Friedhelm Kürpig

Professor of Descriptive Geometry (retired)
University of Fine Arts Hamburg
Aachen, Germany

For the author, geometry has not lost anything of its fascination even after over fifty years of intense engagement with the subject. As an architect, he finds it a never-failing source of innovation and a symbol of eternal beauty. In his capacity as Professor of Descriptive Geometry at the University of Fine Arts in Hamburg, his most important secondary activity lay in the development and production of educational models as visualizations of geometric laws. These models were generally acquired by Technical Universities as learning material for lectures and seminars. Over the years the emphasis of his work has changed somewhat, and today he prefers to focus on the aesthetic rather than on the didactic aspects of his objects.

Final Lap
Final Lap
35 x 34 x 34 cm
Aluminium tubing, aluminium sheet
2017

Icosahedron orbited by a concentric Hamilton cycle on an icosidodecahedron with a common vertical axis, but without its own rotational symmetry. Each Hamilton cycle is a closed chain of edges which has to be constructed as a rigid entity. Two half edges are therefore combined to form corner units and then joined at the centre of the edges. This is only possible by means of invisible constructions inserted into the interior of the tubing.
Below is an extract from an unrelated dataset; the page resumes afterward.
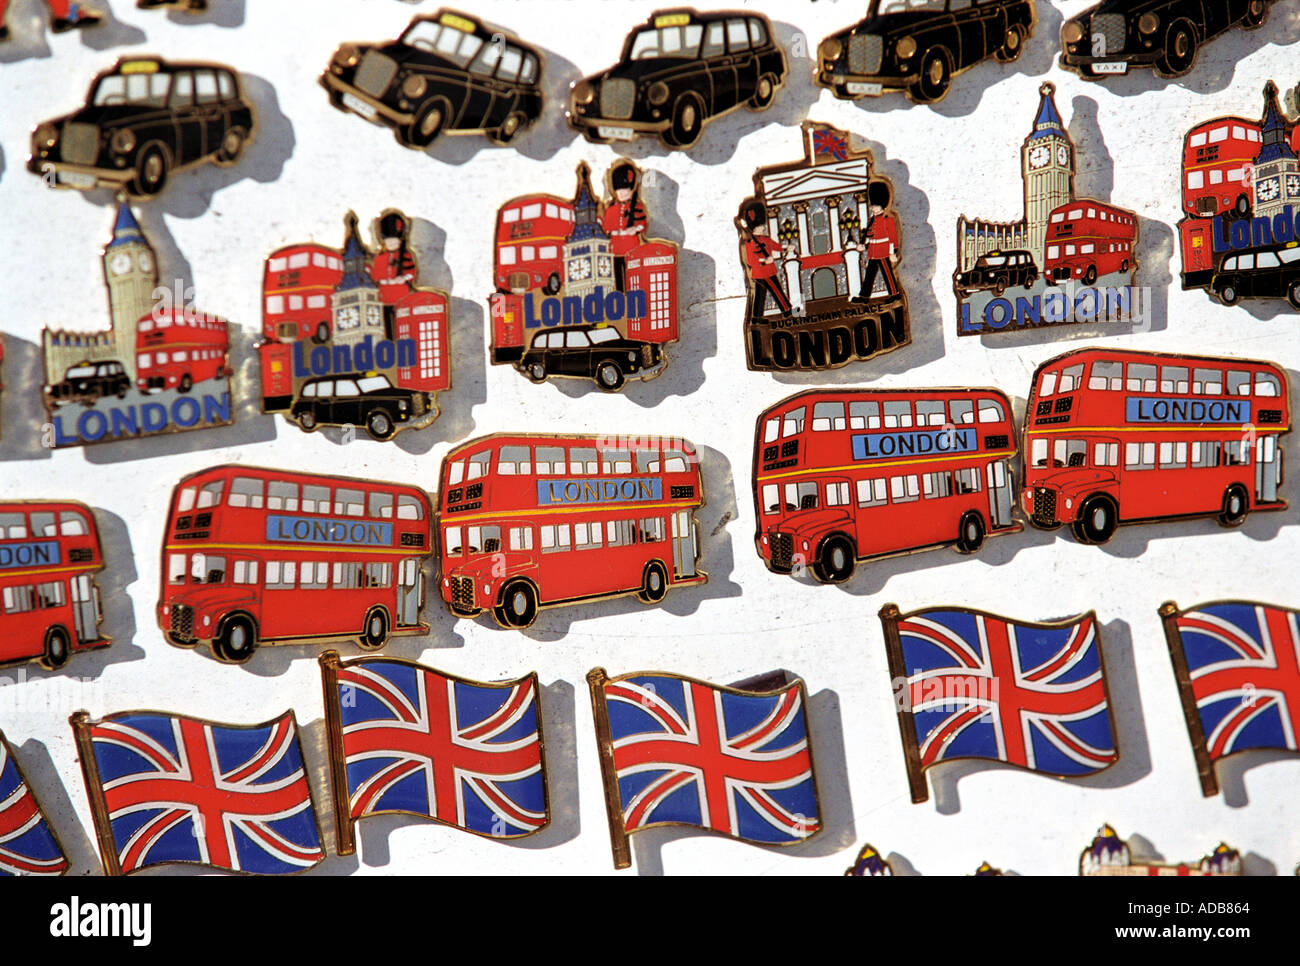 Tourist souvenirs showing London landmarks Stock Photo
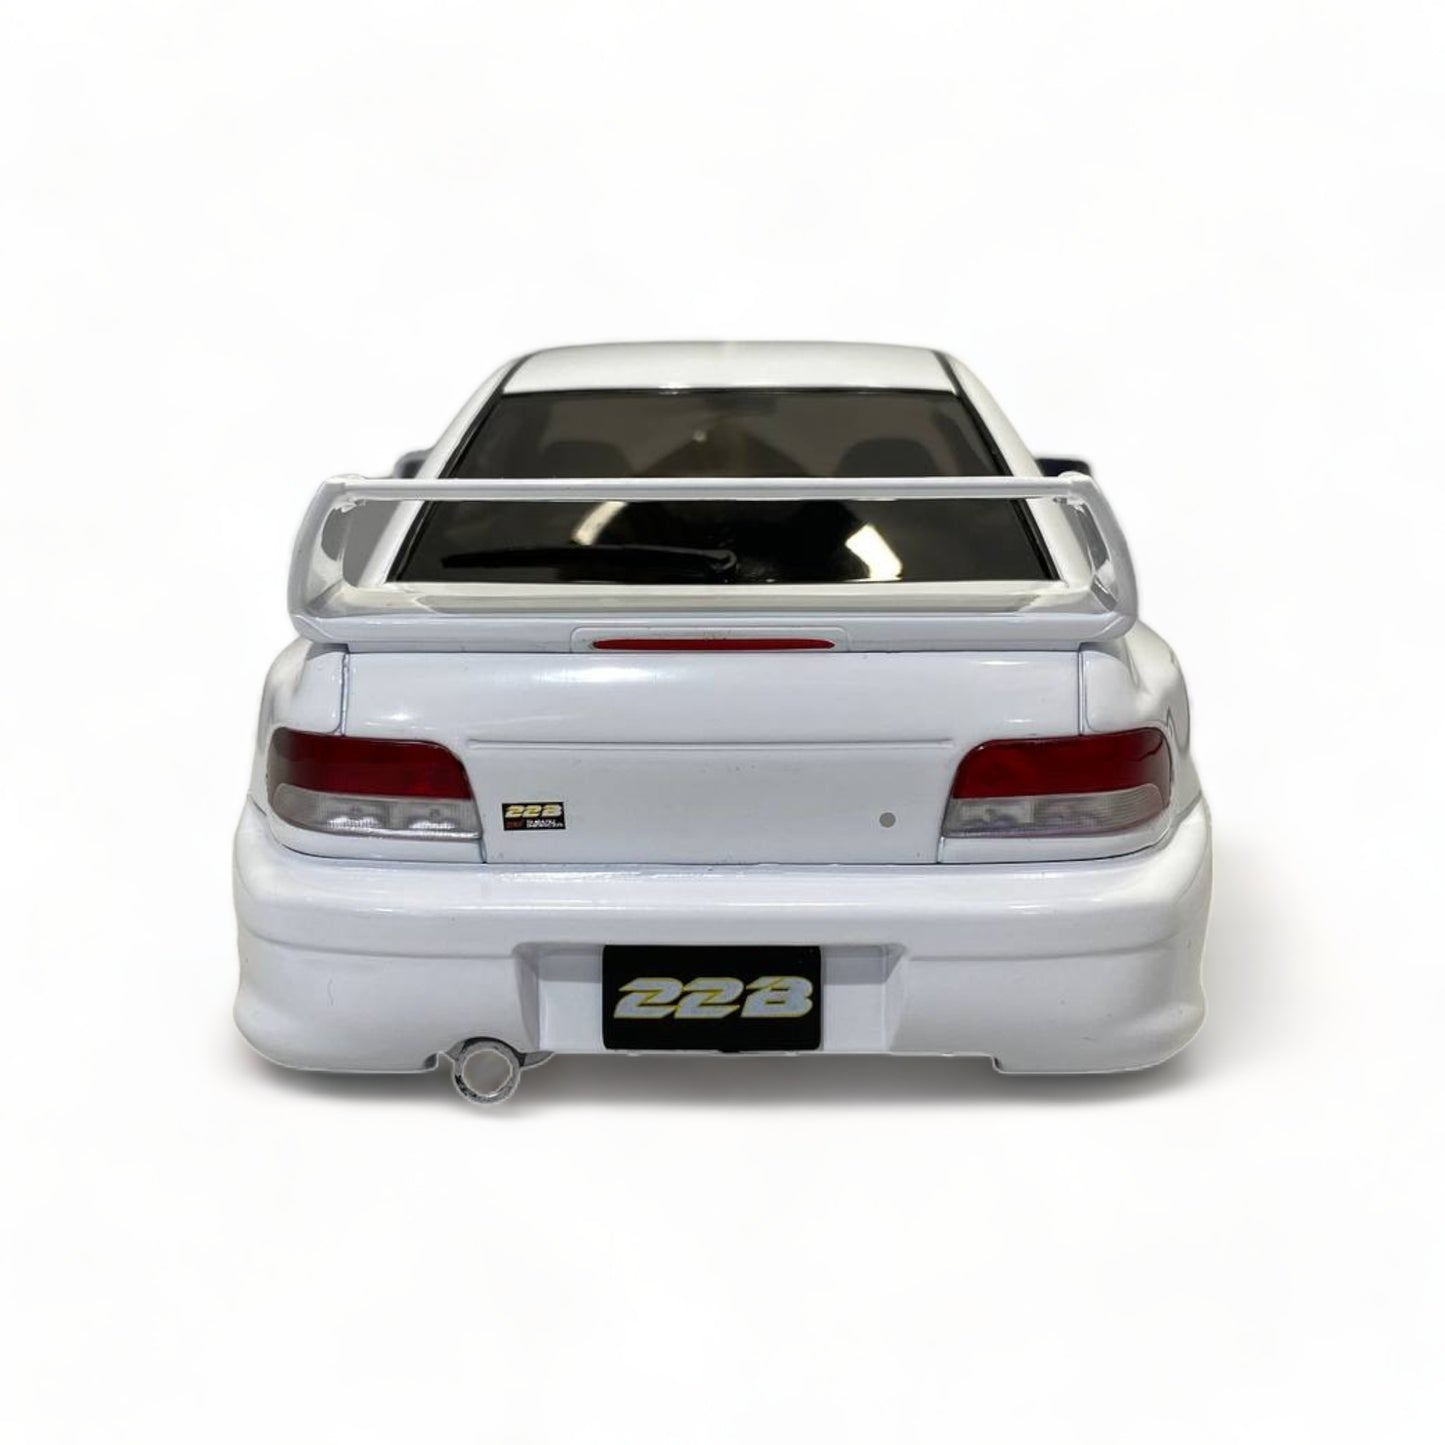 1/18 Solido Subaru Impreza 22B (1998) - Metal Diecast, Classic White Model Car|Sold in Dturman.com Dubai UAE.

The sections of tube are mitred and glued to a precisely lasered angle plate. The corner units are connected by cylinders with slots at each end and inserted into the tubing. These slots are twisted at the angle of the adjacent polyhedral surfaces thus incorporating the ends of the angle plates.

Ripped Soccer Ball
Ripped Soccer Ball
32 x 32 x 32 cm
Aluminium sheet, thickness 6 mm
2017

Two different Hamilton cycles with threefold symmetry on a truncated icosahedron.
Each Hamilton cycle on regular and semi-regular solids divides the surface into two sections. If one is rendered visible in material form, and the other is regarded as an imaginary supplement of the whole, then the border between the two sections represents the given cycle. To trace the complete cycles in this case, one must imagine either the upper or lower hexagon as non-existent.